Other men might have enjoyed the aphorism, nodded solemnly, and gone outside to experience weather like an evolved mammal. Elias instead took it personally, as though Ludwig Wittgenstein had leaned across the decades, tapped him on the forehead, and whispered, “You, specifically, are too stupid to understand a cat.”
This was intolerable.
For twenty-one years, Elias had lived according to the sacred commandments of analytical philosophy: distrust metaphor, despise vagueness, and convert every human feeling into a diagram until it died of embarrassment. He had lectured on language games with the confidence of a man explaining laughter to a corpse. He had once ended a dinner party by insisting that the phrase “I feel seen” required “substantial ontological unpacking,” at which point the hostess wisely pretended the oven was on fire.
Now Wittgenstein, that alpine ghoul of precision and spiritual misery, had declared that even if an animal spoke, human beings might not understand it, because language was woven into forms of life, and forms of life were not detachable little stickers one could slap onto reality like a fool decorating a coffin.
Elias refused to accept this.
“Forms of life,” he hissed in his apartment at three in the morning, surrounded by annotated books and the sour little cups of espresso that academics use as embalming fluid. “Nonsense.
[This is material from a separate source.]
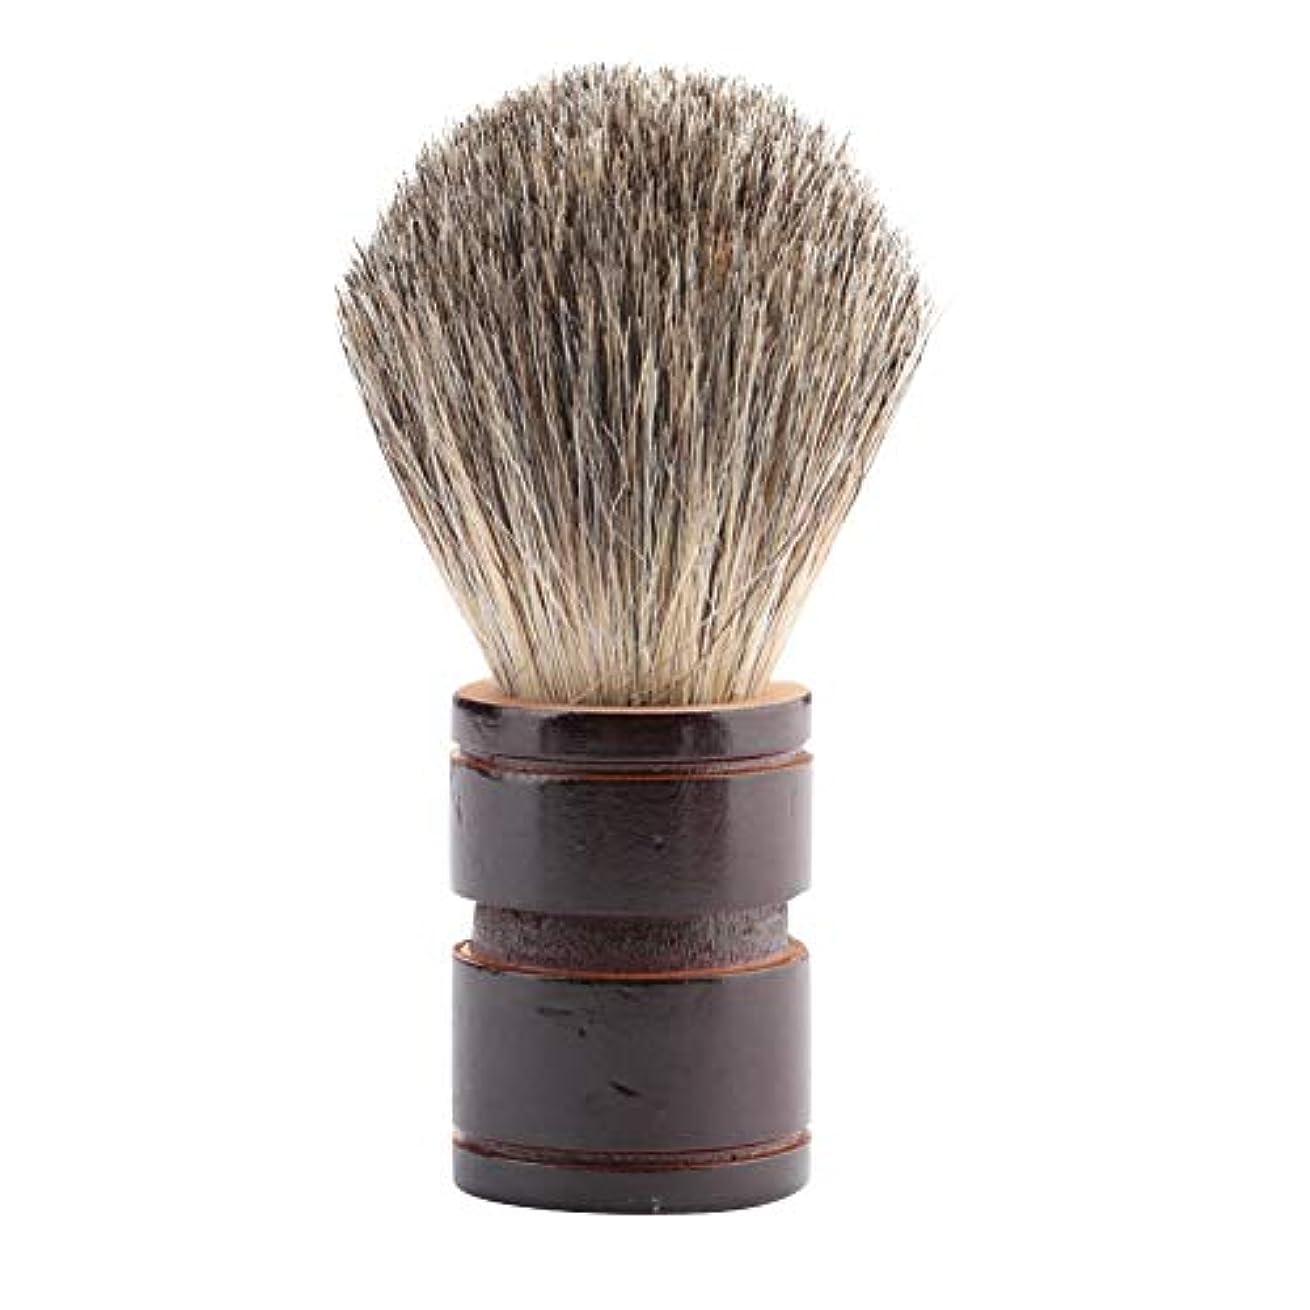 ひげブラシ、2色オプションのポータブルプレミアム品質ブラシ男性のためのひげのケアツール美容院と家庭用缶(ヘム+ミックスロード)
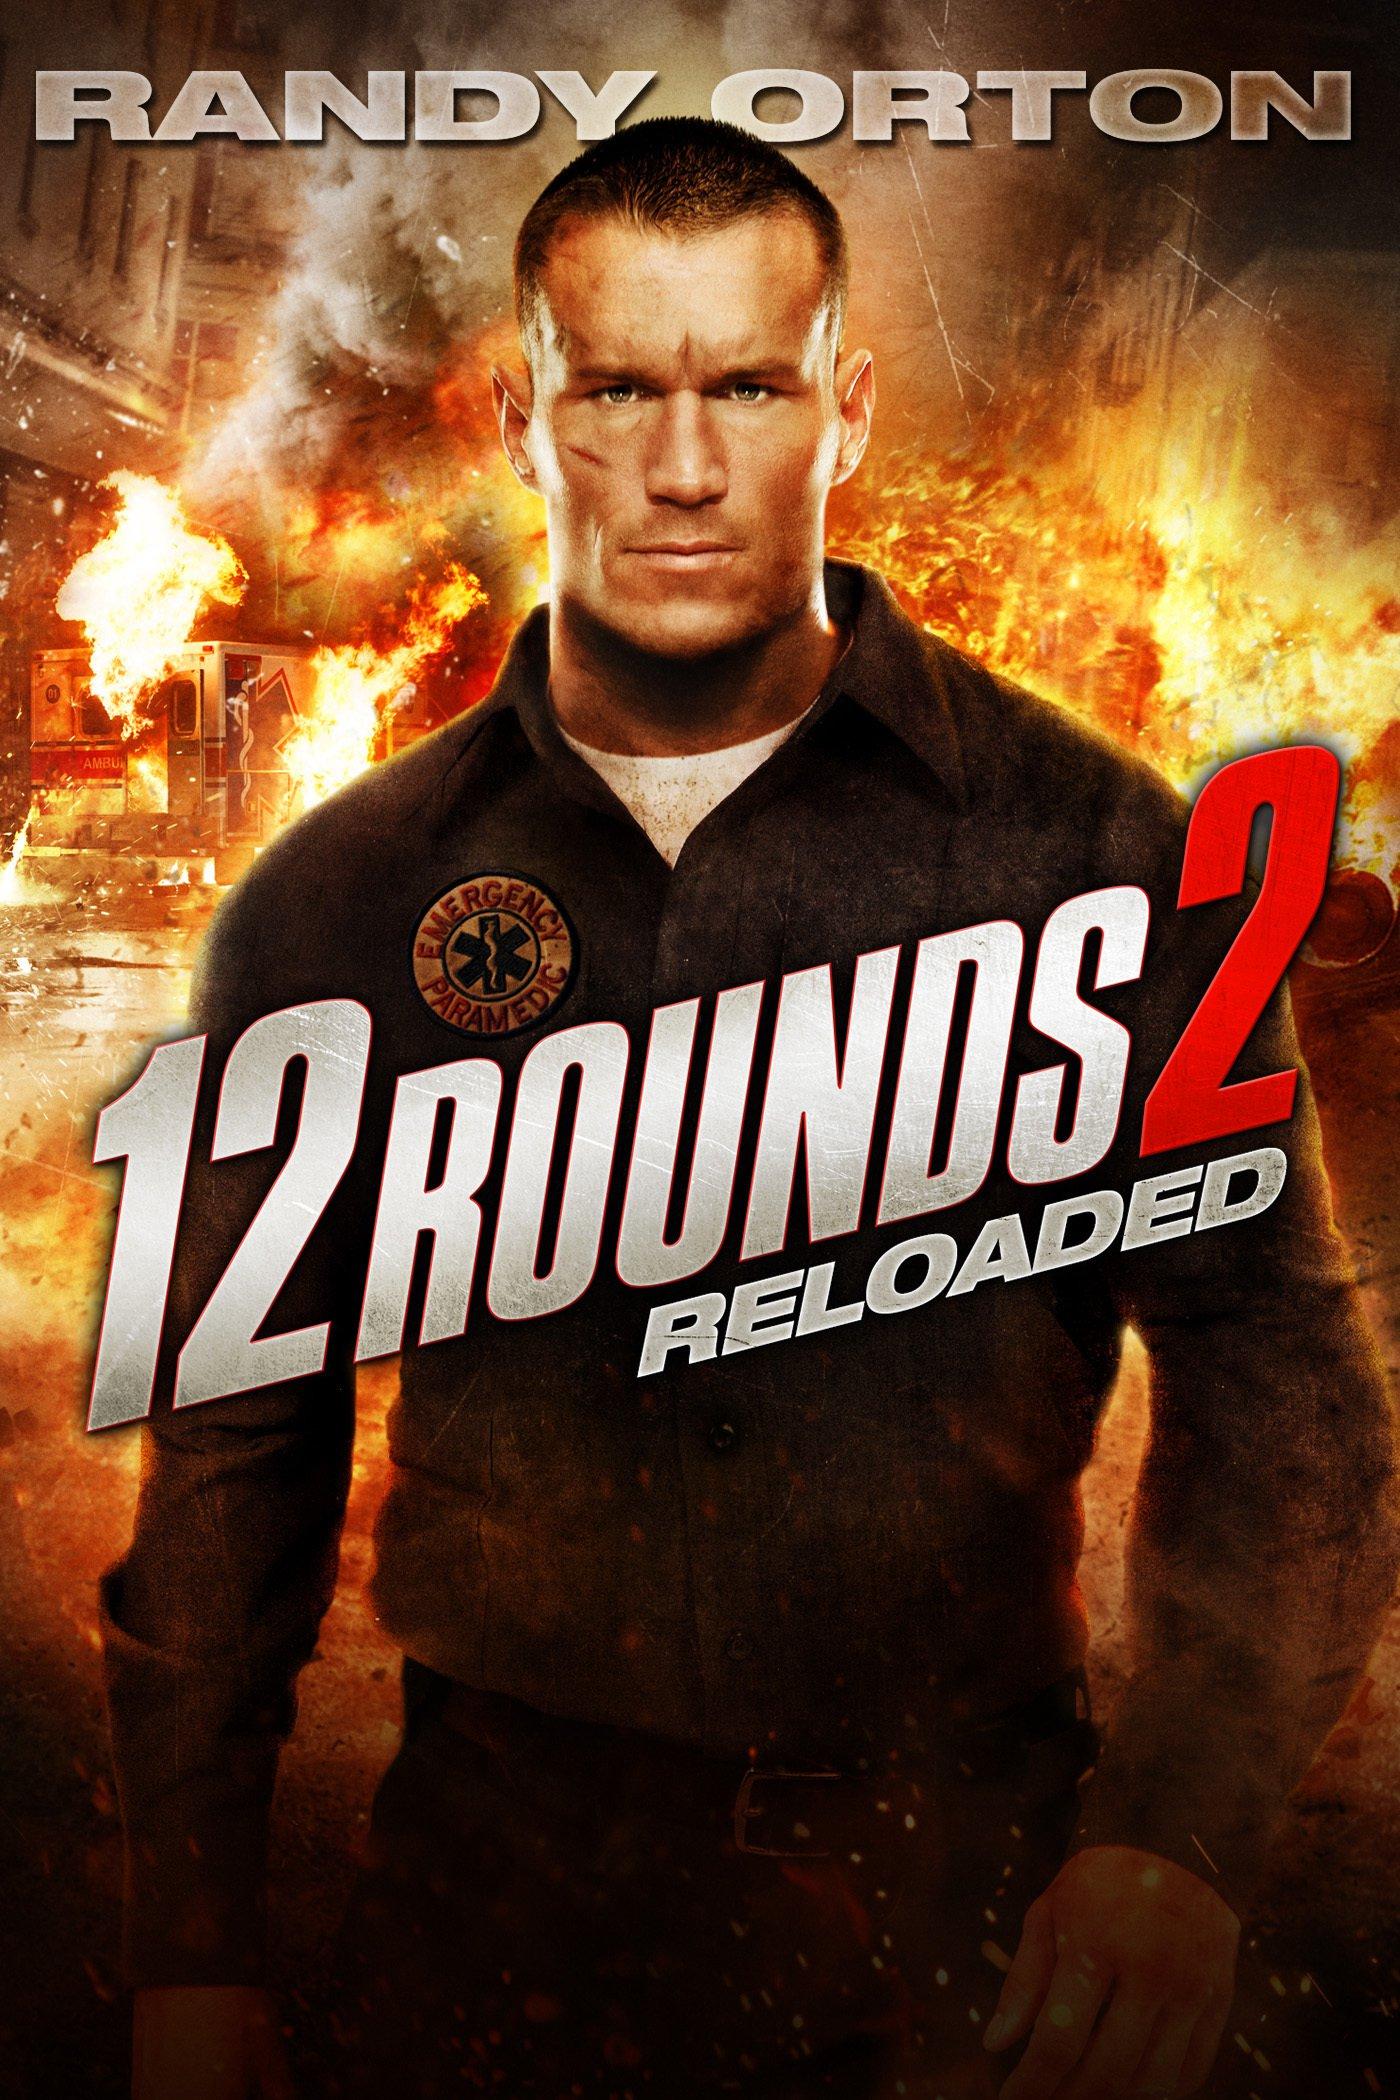 affiche du film 12 Rounds 2: Reloaded

Translate the signals, map the concepts, correlate the contexts. The lion speaks; the man understands. Simple.”
On the windowsill, his cat, Murr, opened one golden eye and looked at him with the bottomless contempt of a minor deity forced to share housing with a grant-funded mammal.
Murr was a heavy gray cat with aristocratic whiskers, a belly like a velvet scandal, and the emotional warmth of a tax audit. Elias had named him after E. T. A. Hoffmann’s fictional tomcat, because even his pet ownership required literary footnotes, the poor infected bastard. Murr had responded to the name by ignoring it entirely, thereby becoming the most consistent philosopher in the apartment.
Elias chose Murr as his experimental subject for three reasons. First, lions were difficult to obtain without annoying customs officials and zoo directors, those small-minded custodians of cowardice. Second, cats were close enough to lions for rhetorical mischief, if one squinted and suffered moral collapse. Third, Murr already lived in the apartment and could not hire a lawyer.
The invention took seven years.
Elias called it the Zoosemantic Interface for Cross-Species Linguistic Reconstruction, because every great machine must first be given a name that sounds like a bureaucrat choking on alphabet soup. It began as a collar fitted with microphones, motion sensors, whisker-tension detectors, pupil dilation cameras, and a small neural-pattern inference unit that Elias had purchased from a defunct start-up specializing in “empathy analytics,” which had failed after proving investors had none.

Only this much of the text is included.